**To do**
The full listing is to be transcribed exactly, with each picture left out.

**Supplied information**
★ ★ ★ ★ ★ ★ ★
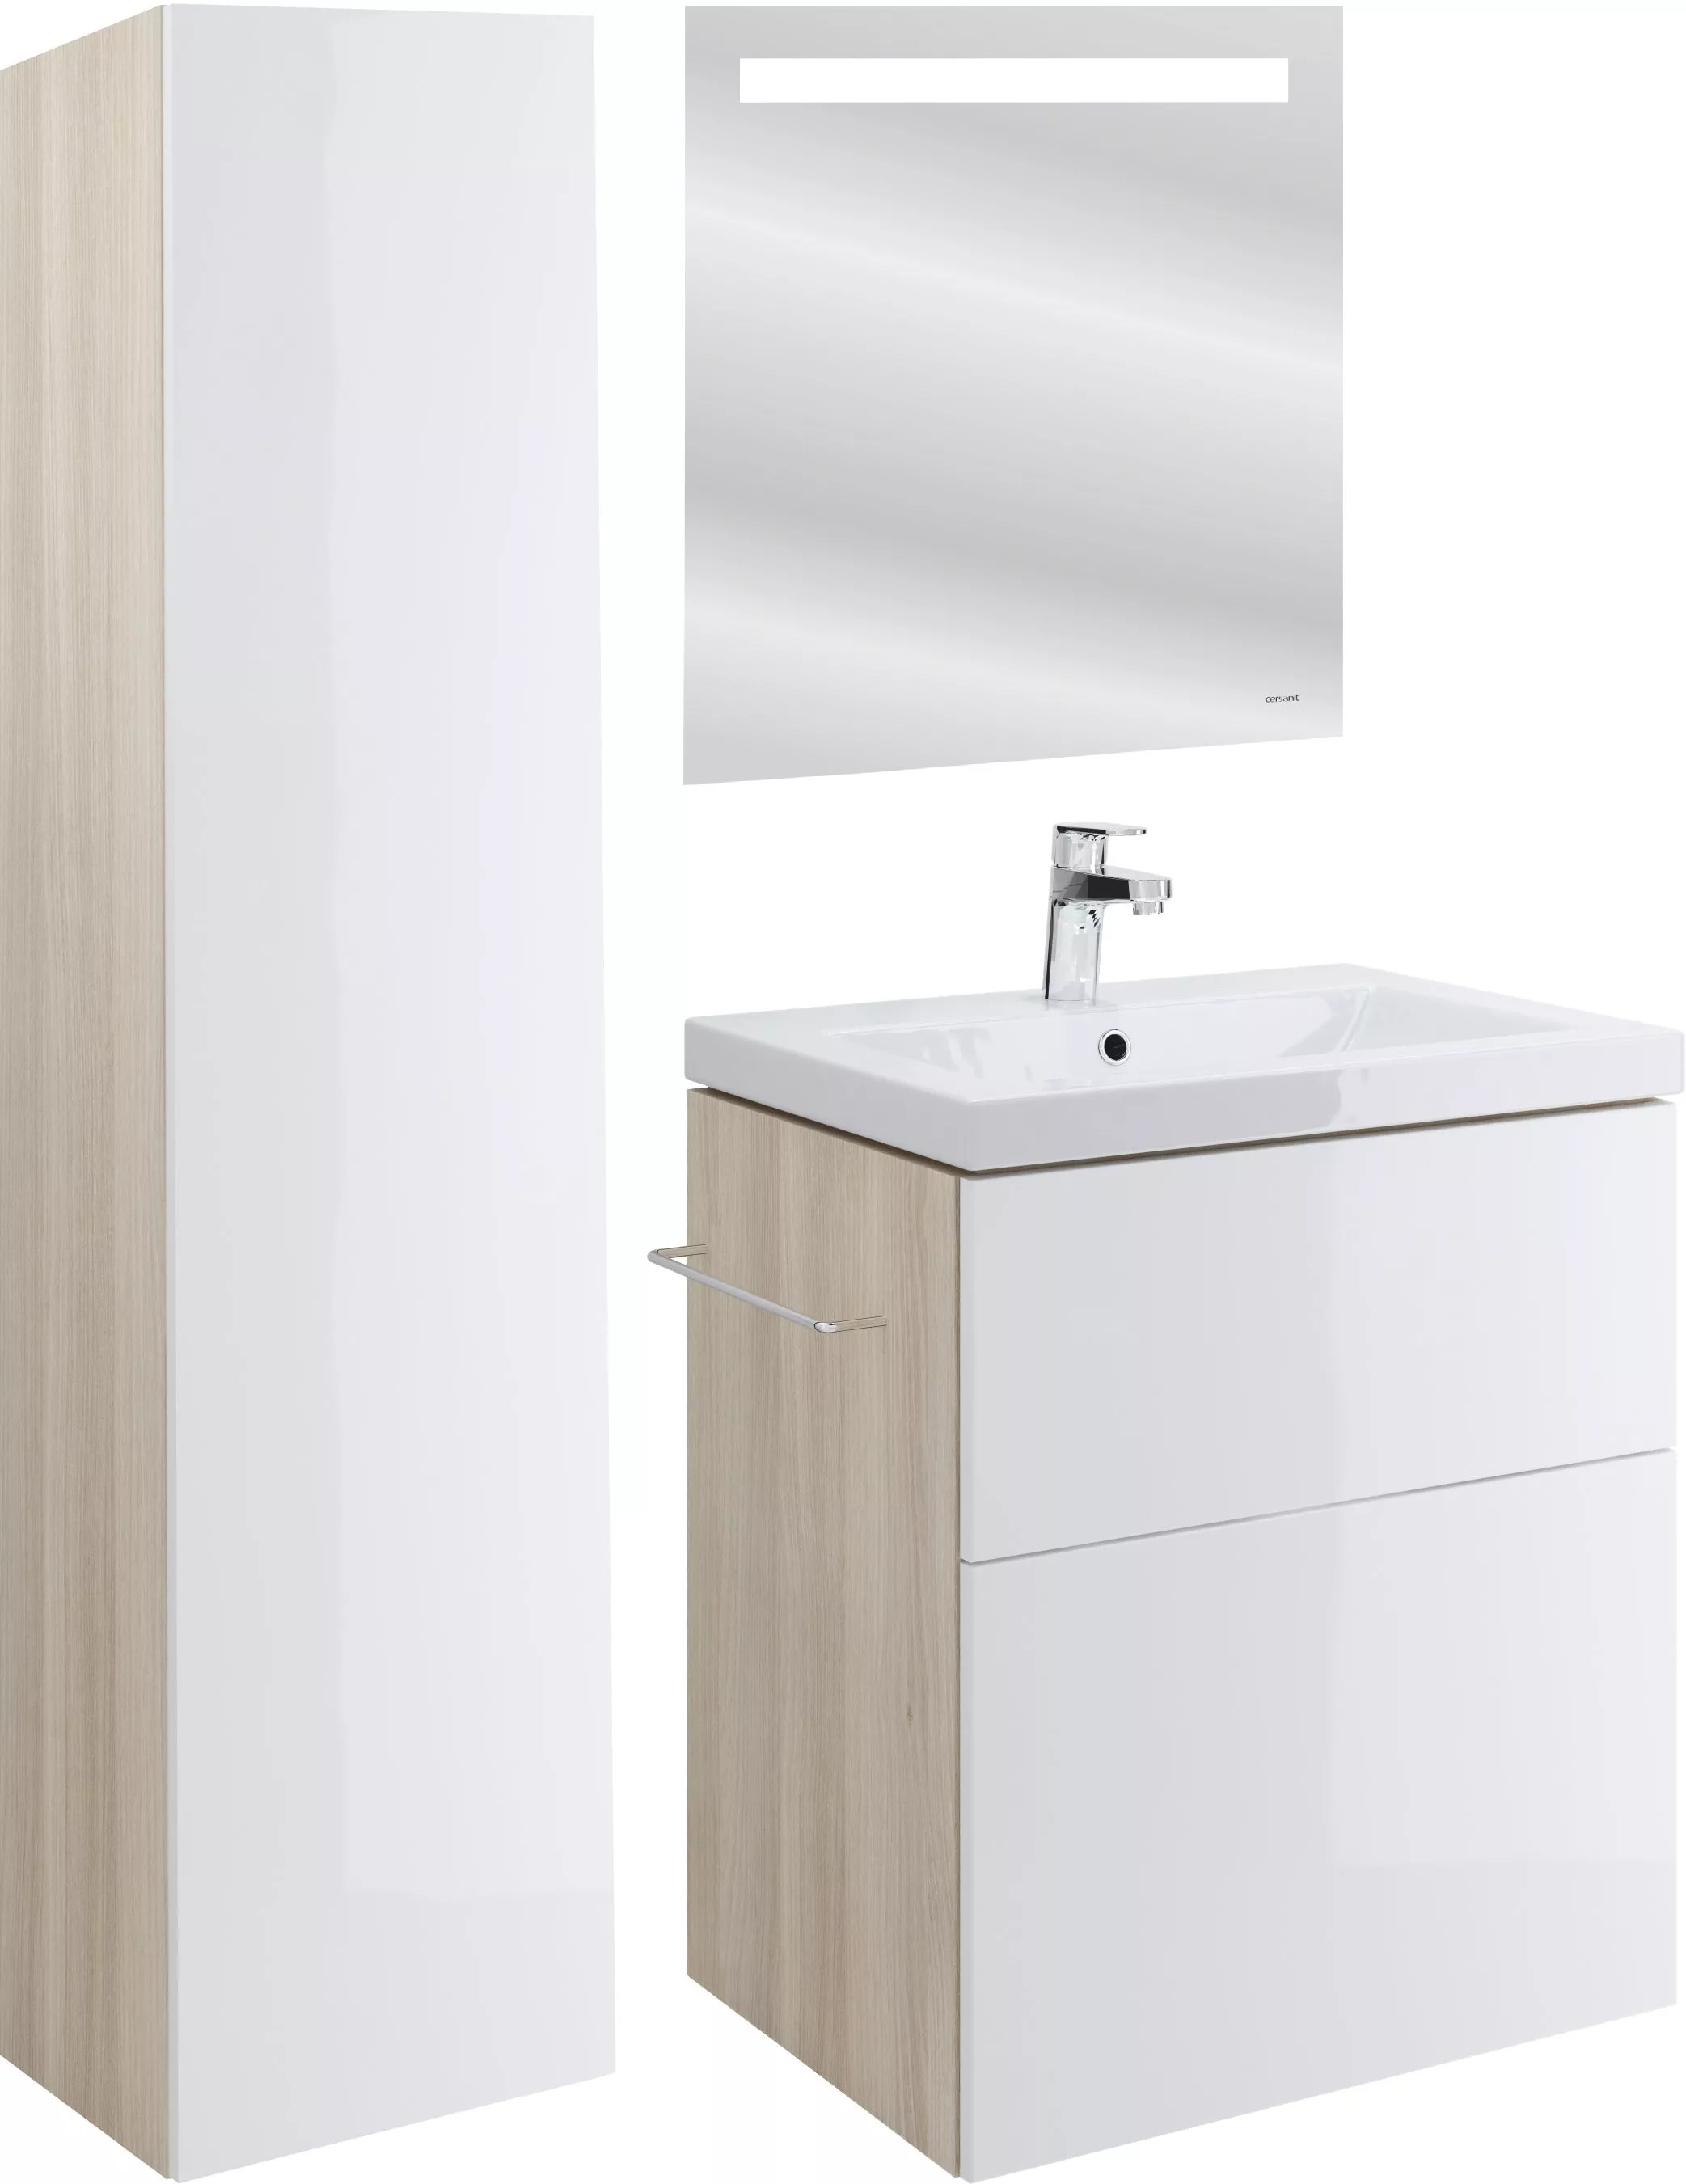 Мебель для ванной Cersanit Smart 60 ясень, белый, подвесная, цвет светлое дерево - фото 1
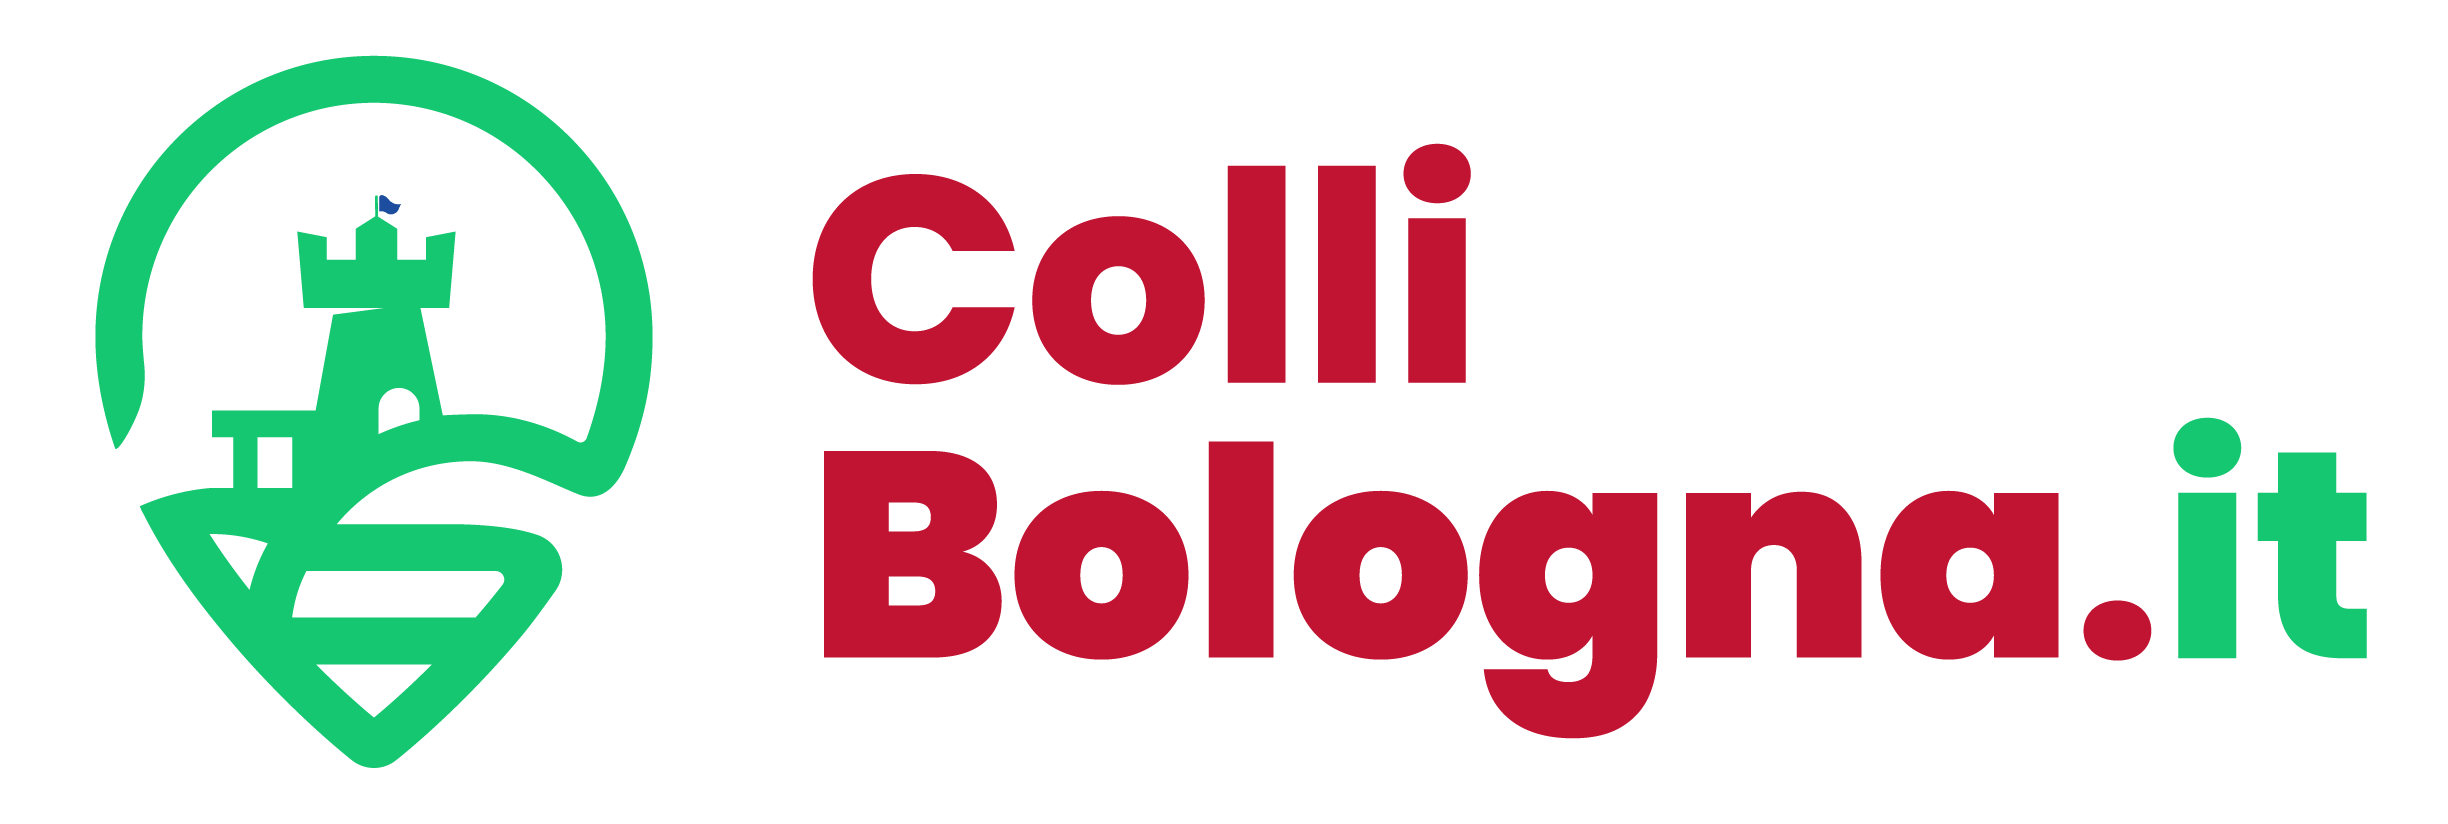 Collibologna.it
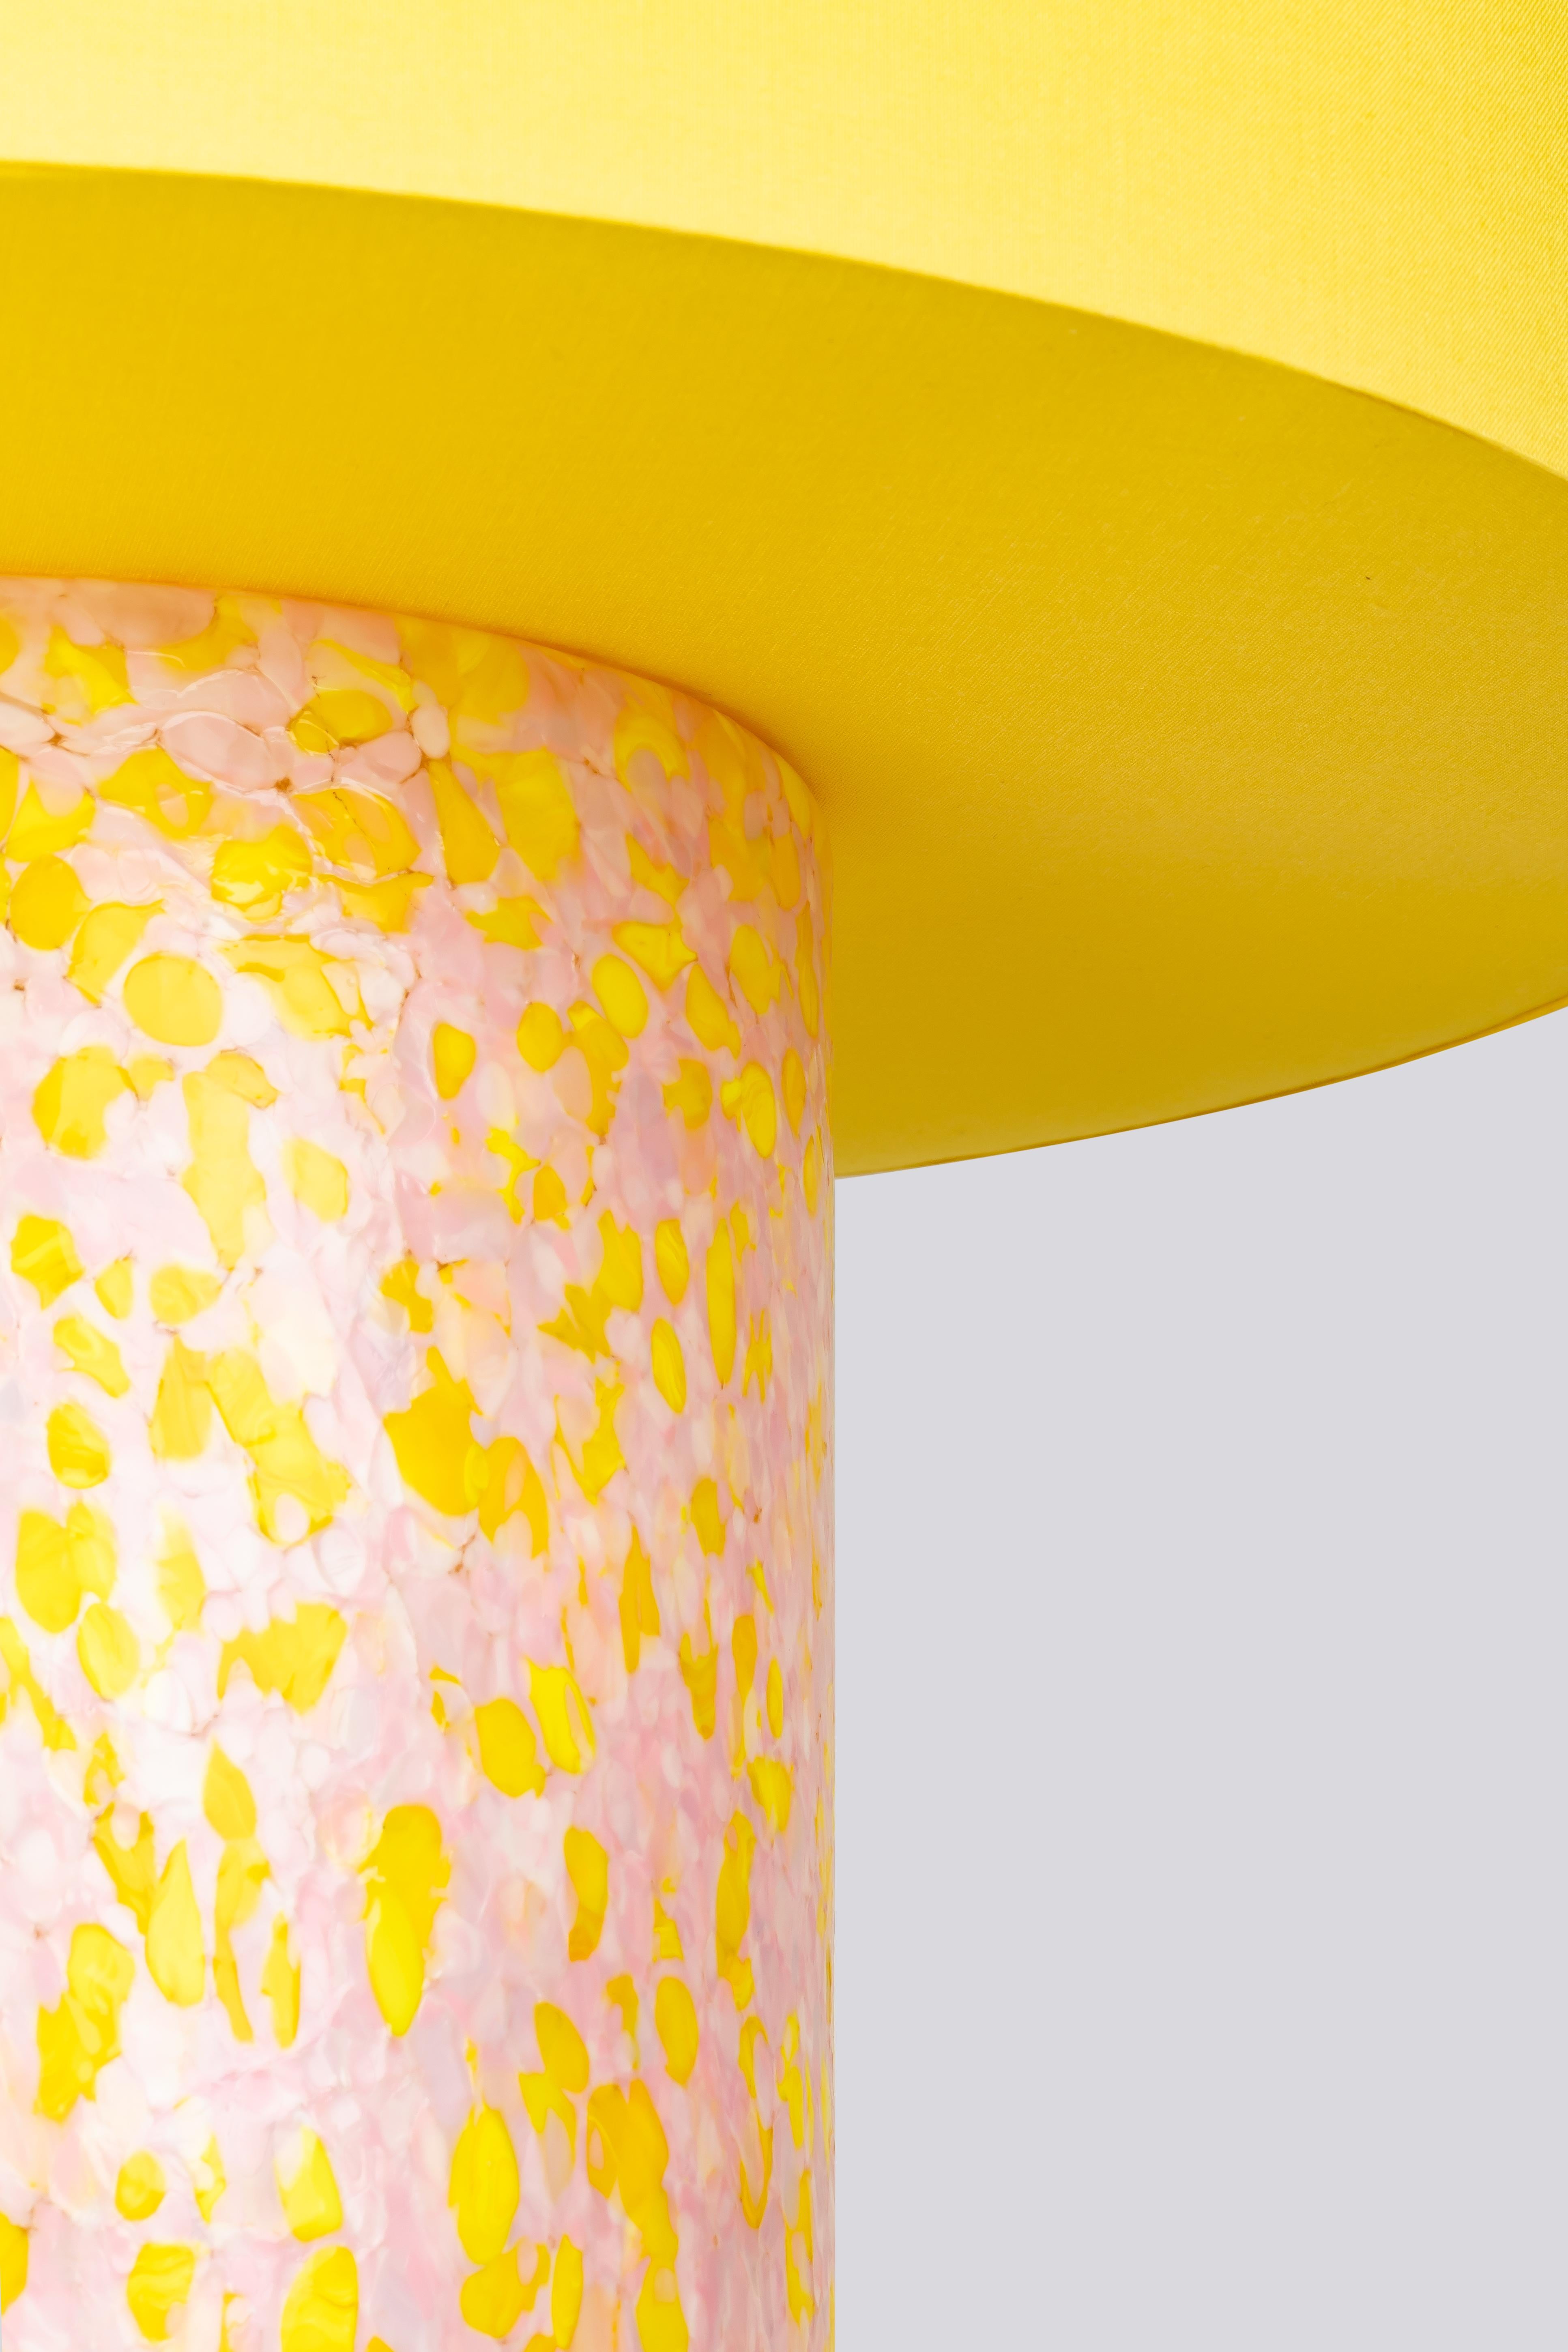 Découvrez notre lampe pilier en verre de Murano, une pièce intemporelle et contemporaine qui allie élégance et savoir-faire. La base de la lampe, fabriquée de manière experte dans une forme de colonne classique, met en valeur la technique
★ ★ ★ ★ ★ ★ ★
**Exercise answer**
 Мебель для ванной Cersanit Smart 60 ясень, белый, подвесная, цвет светлое дерево - фото 1
 Collibologna.it
 Découvrez notre lampe pilier en verre de Murano, une pièce intemporelle et contemporaine qui allie élégance et savoir-faire. La base de la lampe, fabriquée de manière experte dans une forme de colonne classique, met en valeur la technique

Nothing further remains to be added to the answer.